Magnets in Toys Pose Broad Dangers

Parents need to be better warned about potential health risks and symptoms of children swallowing toys with magnets.When giving your child toys this holiday season, parents need to be better warned about potential health risks and symptoms of children swallowing toys with magnets. That is the warning from a new study conducted by the Cincinnati Children's Hospital Medical Center. When ingested, multiple magnets can stick together across a bowel wall, leading to infection in the digestive tract, the need for surgery and even death. The study also found that parents often don't seek medical attention for a child who has swallowed a magnet as quickly as necessary.

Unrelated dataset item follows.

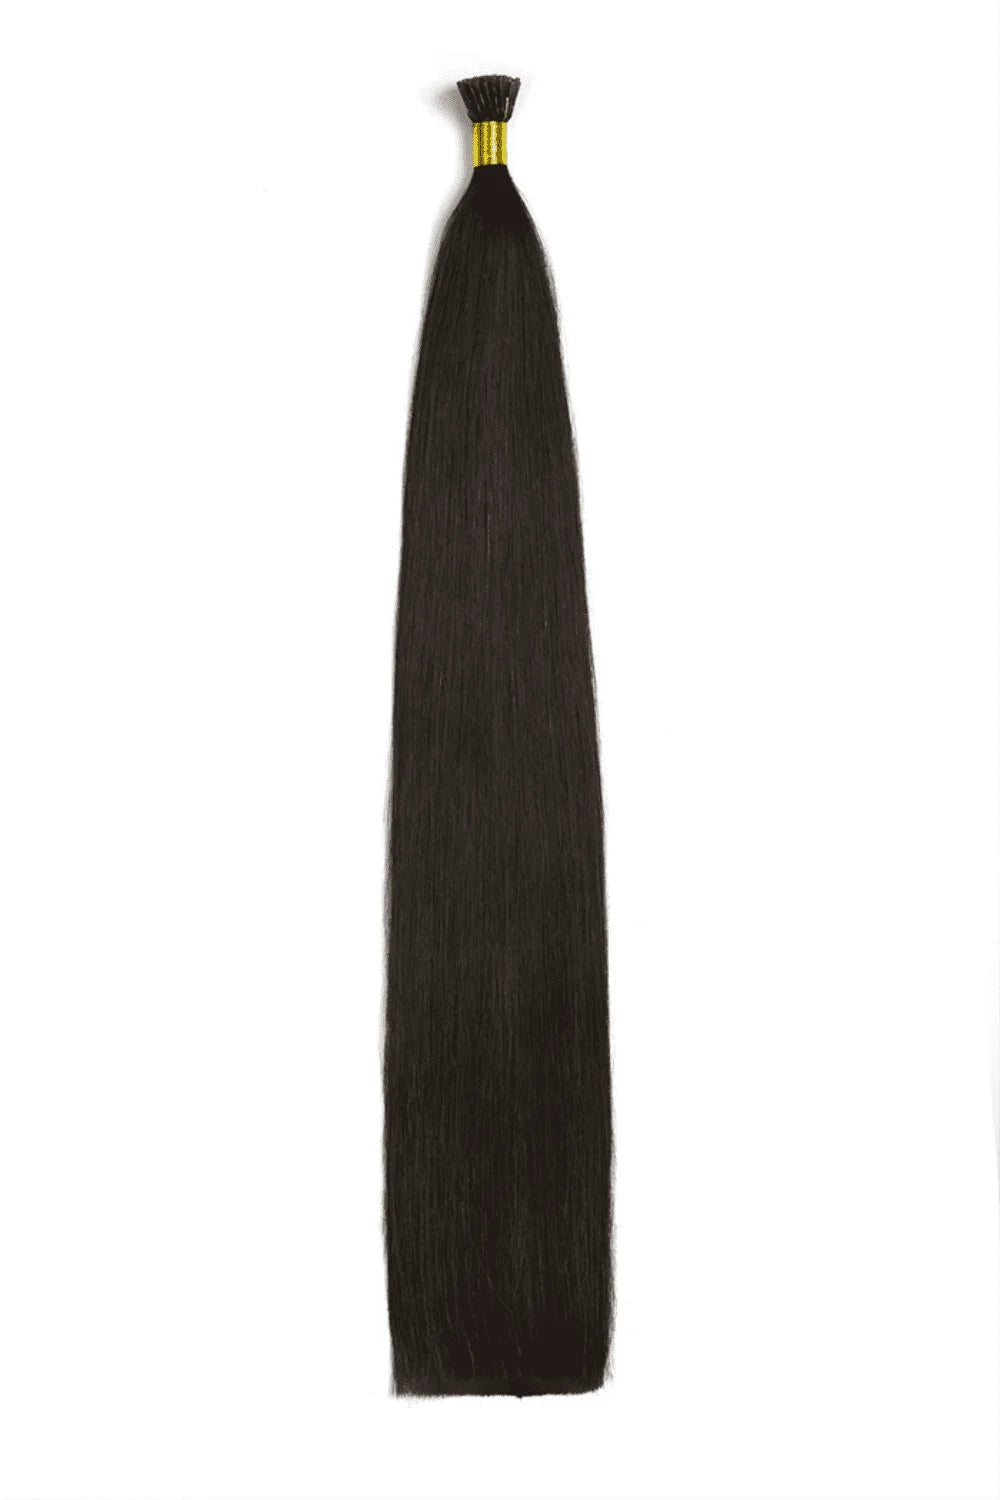 darkest brown #2 remy royale i-tip hair extension

The findings are based on the analysis of 121 magnet-swallowing cases in 21 counties and were published online in the journal Pediatric Radiology. "The majority of swallowed magnetic objects were components of toy sets, including many well-known brands," study author Dr. Alan Oestreich, a professor of radiology at Cincinnati Children's, said in a hospital news release. "Many of the children represented in the survey were 5 years of age or younger and dependent on their parents or guardians to ensure they do not have access to multiple small magnets." The authors urged parents to pay particular attention when buying toys for small children as written warnings are not mandatory on toys containing magnets. Symptoms of ingested magnets can be mild and flu-like, but nausea, vomiting, cramps or abdominal pain should be given medical attention.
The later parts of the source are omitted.